Up to now, we were mostly typing code in the Console pane at the **`>`** prompt.
This is a very interactive way of working with R but it is also important to be
able to record the commands you've typed for when you come back to your analysis
later.

Instead we can create a script file containing our R commands; this is the way
most R coding is done.

From the RStudio '**File**' menu, select '**New File**' and then '**R Script**'.

![](images/rstudio_new_file_menu.png){width=50%}

You should now have a new file in its own tab, named 'Untitled1', at the top of
the left-hand side of RStudio. The console window no longer occupies the whole
of the left-hand side.

We can type code into this file just as we have done at the command prompt in
the Console tab pane. Save changes you make using the '**Save**' option from
the '**File**' menu. There is also a button or you can use a keyboard shortcut.
On a Mac this is <kbd>cmd</kbd> + <kbd>S</kbd> (press the <kbd>cmd</kbd> key
first and, while keeping this depressed, click the <kbd>S</kbd> key); on Windows
it is <kbd>Ctrl</kbd> + <kbd>S</kbd>. RStudio will open a dialog box for you to
enter the file name and loation the first time you try to save a new file. It is
a good idea to regularly save changes to your script.

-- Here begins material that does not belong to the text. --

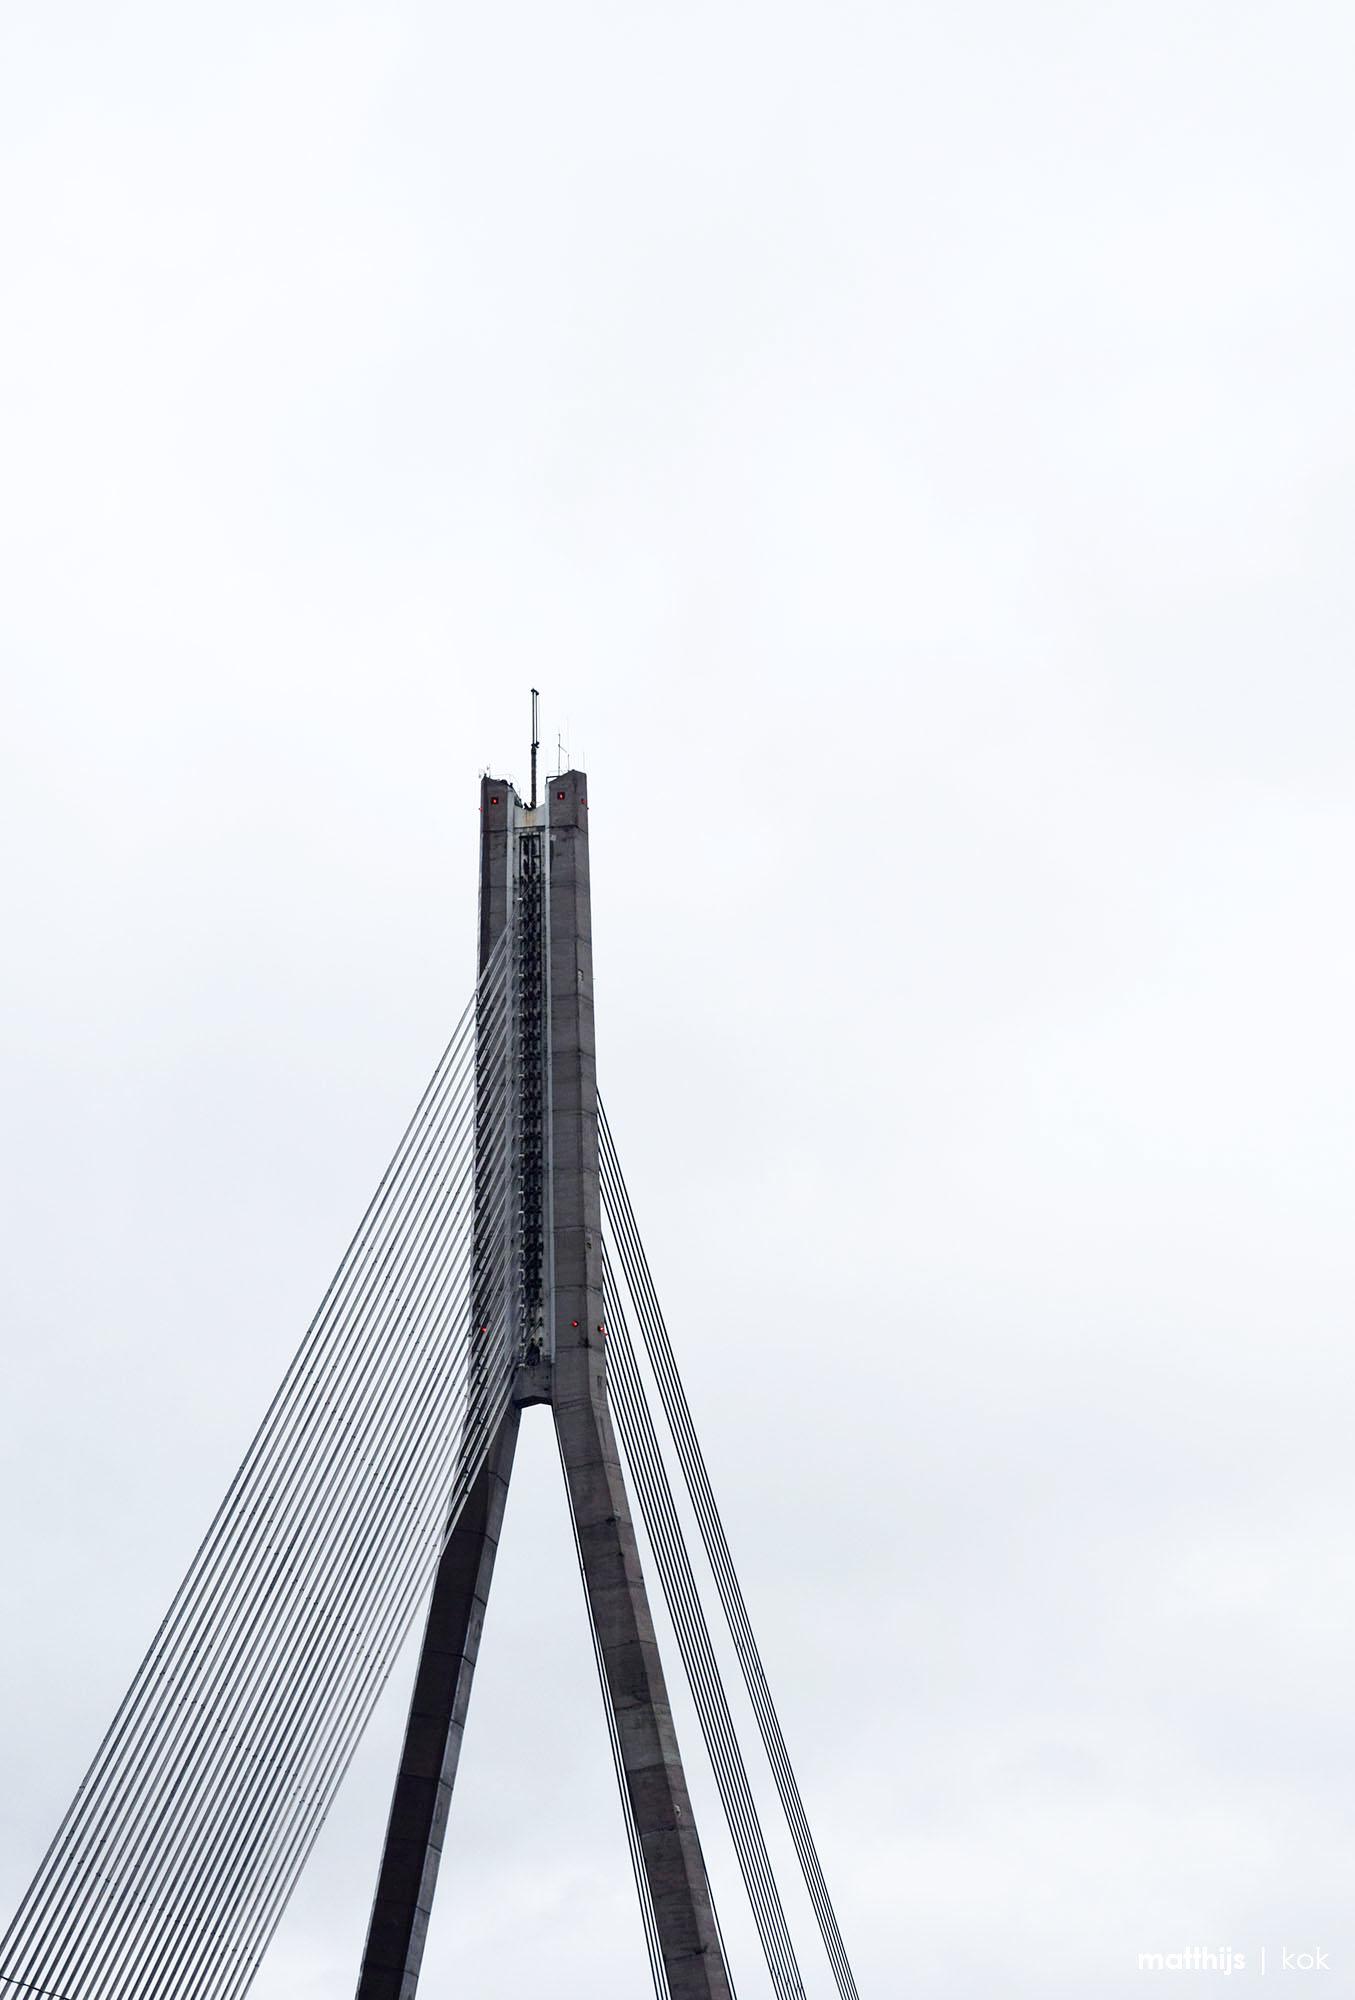 Vanšu Bridge, Riga, Latvia | Photo by Matthijs Kok

![](images/rstudio_script.png){width=100%}

## Running scripts

Having typed an R command and hit the return key you'll notice that the
command isn't actually run like it was in the console window. That's because
you're writing your R code in an editor. To run a single line of code within
your script you can press the '**Run**' button at the top of the script.

![](images/rstudio_run_button_highlighted.png){width=60%}

This will run the line of code on which the cursor is flashing or the next line
of code if the cursor is on a blank or empty line.

The keyboard shortcut is more convenient in practice as you won't have to stop
typing at the keyboard to use your mouse. This is <kbd>cmd</kbd> +
<kbd>return</kbd> on a Mac and <kbd>Ctrl</kbd> + <kbd>enter</kbd> on Windows.

Running a line in your script will automatically move the cursor onto the
next command which can be very convenient as you'll be able to run successive
commands just by repeatedly clicking '**Run**' or using the keyboard shortcut.

You can also run the entire script by clicking on the '**Source**' button, a
little to the right of the '**Run**' button. More useful though is to run
'**Source with Echo**' from the Source drop-down menu as this will also display
your commands and the outputs from these in the Console window.

## Adding comments to your code

Anything that follows a `#` character within a line of code is ignored by R.
This is useful as it allows you to add comments and explanations to your code.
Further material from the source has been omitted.